Cork's Jimmy Barry-Murphy was the championship's Top scorer with 11-04.

==Leinster Minor Hurling Championship==
===Leinster first round===

14 May 1972
Westmeath 3-10 - 3-09 Kildare
  Westmeath: D Carey 1-5, T Cole 1-0, D Costello 1-0, M Kilcoyne 0-2, M Cosgrave 0-2, M Newman 0-1.
  Kildare: J O'Sullivan 2-1, V Moore 1-0, E Lalor 0-2, T Waters 0-2, J Campbell 0-2, T Hogan 0-1, K Earley 0-1.

===Leinster second round===

14 May 1972
Laois 3-07 - 2-05 Offaly
2 July 1972
Westmeath 0-03 - 7-16 Dublin
  Westmeath: M KIlcoyne 0-1, B Conaty 0-1, D Carey 0-1.
  Dublin: M Holden 1-10, P Browne 3-0, H Gannon 2-0, P McCabe 0-4, M Cranley 1-0, M Martin 0-1, S McCarthy 0-1.

===Leinster semi-finals===

25 June 1972
Laois 1-03 - 13-06 Kilkenny
  Laois: P Keenan 1-0, F Conroy 0-2, M Brophy 0-1.
  Kilkenny: P Butler 3-2, R Sweeney 3-0, S O'Brien 2-2, J Woodcock 2-1, B Fitzpatrick 2-0, M McCarthy 1-1.
9 July 1972
Wexford 3-15 - 2-11 Dublin
  Wexford: P Handrick 2-2, N Walsh 1-5, R Kinsella 0-5, T Berry 0-1, D Clancy 0-1, J Murphy 0-1.
  Dublin: P McCabe 1-3, F Reaney 1-2, M Holden 0-4, E Butler 0-1, H Gannon 0-1.

===Leinster final===

30 July 1972
Kilkenny 7-10 - 0-04 Wexford
  Kilkenny: M McCarthy 3-1, N Minogue 1-0, P Butler 1-0, S O'Brien 1-0, J Mulcahy 1-0, B Cody 0-3, G Fennelly 0-2, M Tierney 0-2, B Fitzpatrick 0-1, R Sweeney 0-1.
  Wexford: J Murphy 0-1, S Murphy 0-1, P Handrick 0-1, B Rowesome 0-1.

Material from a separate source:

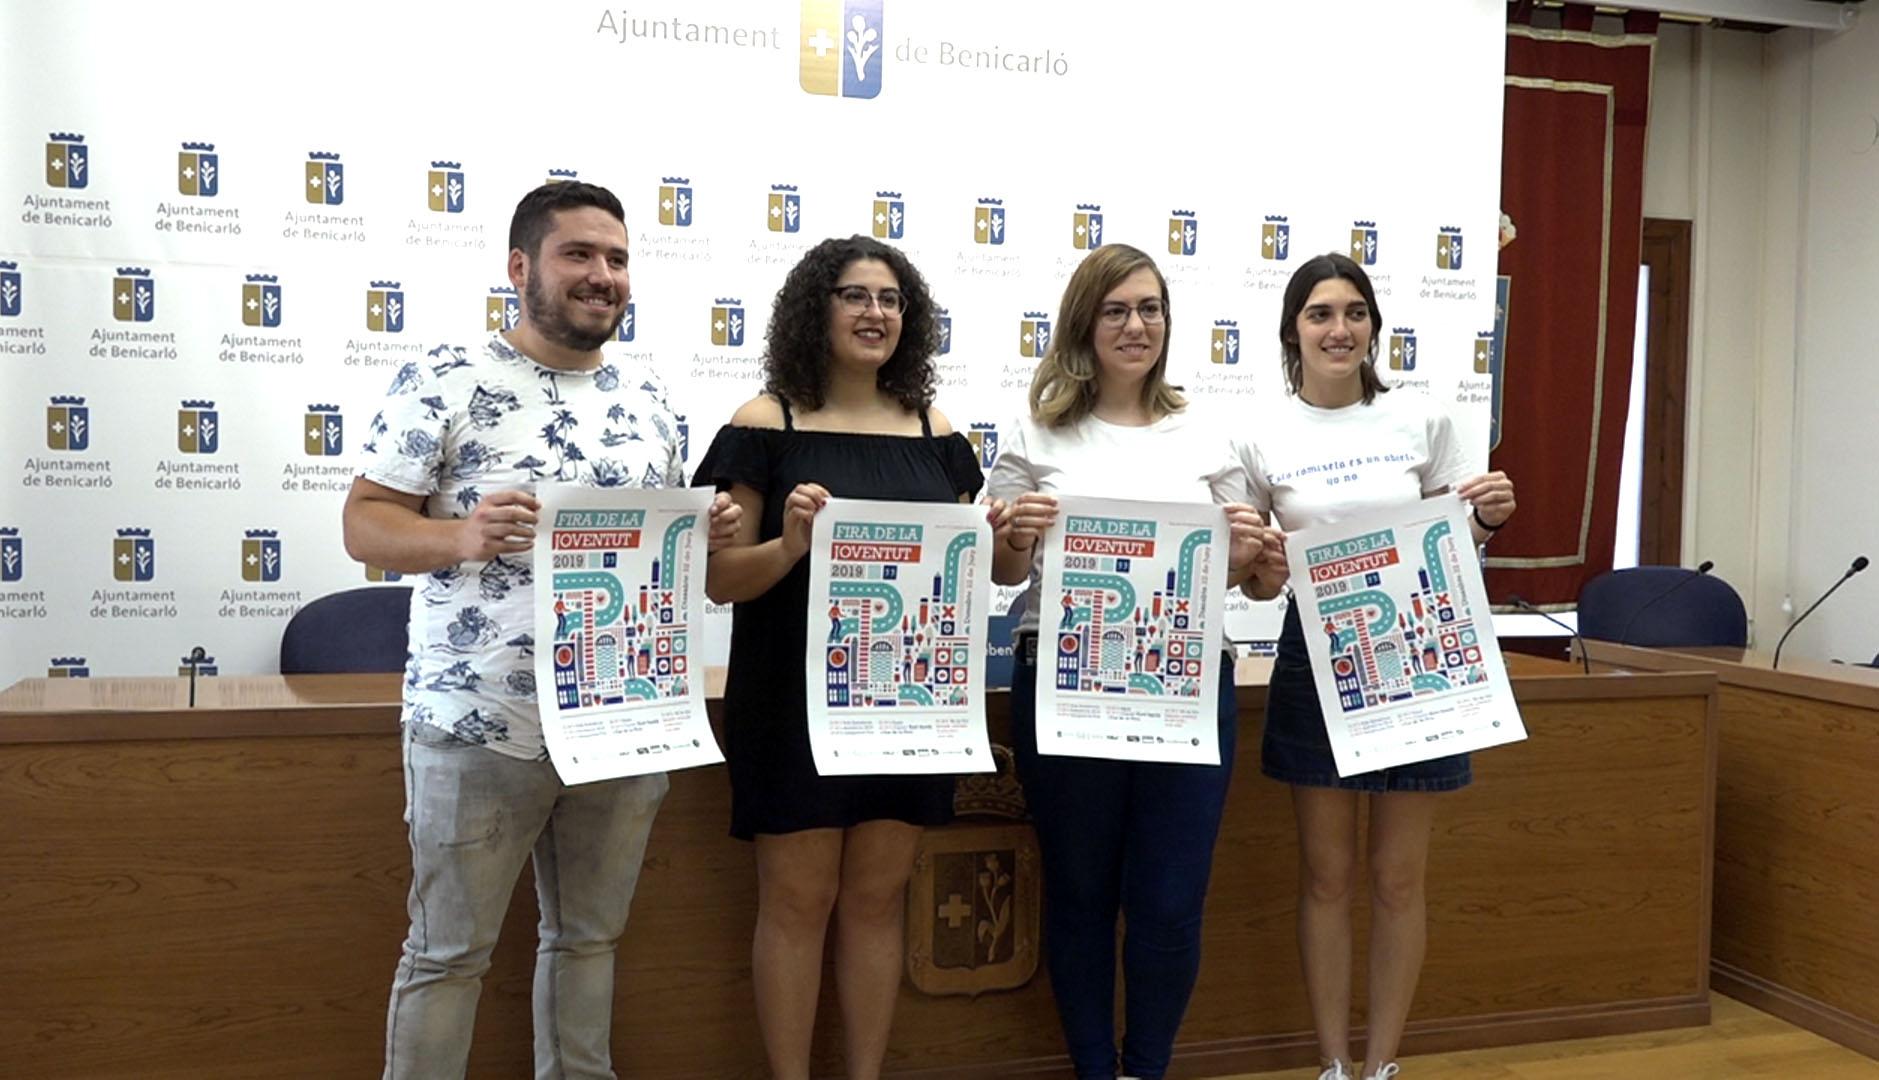 Benicarló, la Fira de la Joventut comptarà amb l'actuació de Xavier Sarrià i la cursa dels Autos Locos

==Munster Minor Hurling Championship==
===Munster first round===

20 May 1972
Kerry 3-06 - 5-10 Clare
  Kerry: D Deady 2-1, G O'Grady 1-0, B Slattery 0-2, M Harrington 0-2, M Laide 0-1.
  Clare: T O'Mahony 2-2, J Boyce 2-1, S Coghlan 1-4, P McGann 0-1, J Callaghan 0-1, M Sherry 0-1.
24 May 1972
Cork 7-08 - 1-03 Waterford
  Cork: J Barry-Murphy 4-0, E O'Sullivan 1-2, R Fitzgerald 1-1, T O'Sullivan 1-0, B Óg Murphy 0-3, K Murphy 0-1, S O'Donovan 0-1.
  Waterford: N Jacob 1-1, S Treacy 0-2.

===Munster semi-finals===

2 July 1972
Clare 4-03 - 4-15 Limerick
  Clare: F Coughlan 1-2, P O'Connor 1-0, J Boyce 1--0, S Daly 1-0, T McGann 0-1.
  Limerick: E Tuohy 1-7, T Tobin 2-1, P Tobin 1-2, W Hartnett 0-3, D O'Riordan 0-2.
9 July 1972
Cork 10-05 - 2-03 Tipperary
  Cork: J Barry-Murphy 4-1, B Óg Murphy 2-1, T O'Sullivan 2-0, E O'Sullivan 1-3, T Collins 1-0.
  Tipperary: E Darmody 1-0, S Waters 1-0, P McLoughney 0-2, TJ Riordan 0-1.

===Munster final===

30 July 1972
Cork 4-11 - 0-03 Limerick
  Cork: E O'Sullivan 3-3, B Óg Murphy 0-5, J Barry-Murphy 1-1, T Collins 0-2.
  Limerick: E Tuohy 0-2, T Tobin 0-1.

==All-Ireland Minor Hurling Championship==
===All-Ireland semi-finals===

6 August 1972
Kilkenny 7-09 - 2-08 Galway
  Kilkenny: M McCarthy 3-0, R Sweeney 2-0, B Fitzpatrick 1-3, P Butler 1-0, G Woodcock 0-3, S O'Sullivan 0-1, B Cody 0-1, M Tierney 0-1.
  Galway: T Holian 2-0, J Kelly 0-5, M Hanniffy 0-2, J Casey 0-1.
6 August 1972
Cork 13-14 - 3-02 Antrim
  Cork: T Collins 3-3, T O'Sullivan 3-2, R Fitzgerald 3-1, J Barry-Murphy 1-2, B Murphy 1-1, E O'Sullivan 1-1, J Dunne 1-0, S Farrell 0-2, F Delaney 0-1, K Murphy 0-1.
  Antrim: J O'Neill 1-1, D McFadden 1-0, P McNally 1-0, C Grego 0-1.

===All-Ireland final===

4 September 1972
Kilkenny 8-07 - 3-09 Cork
  Kilkenny: B Fitzpatrick 3-4, M McCarthy 2-1, J Sullivan 1-0, M Tierney 1-0, P Butler 1-0, G Woodcock 0-1, G Fennelly 0-1.
  Cork: E O'Sullivan 1-3, T O'Sullivan 1-1, J Barry-Murphy 1-0, F Delaney 0-2, S Farrell 0-1, R Fitzgerald 0-1, B Wilmot 0-1.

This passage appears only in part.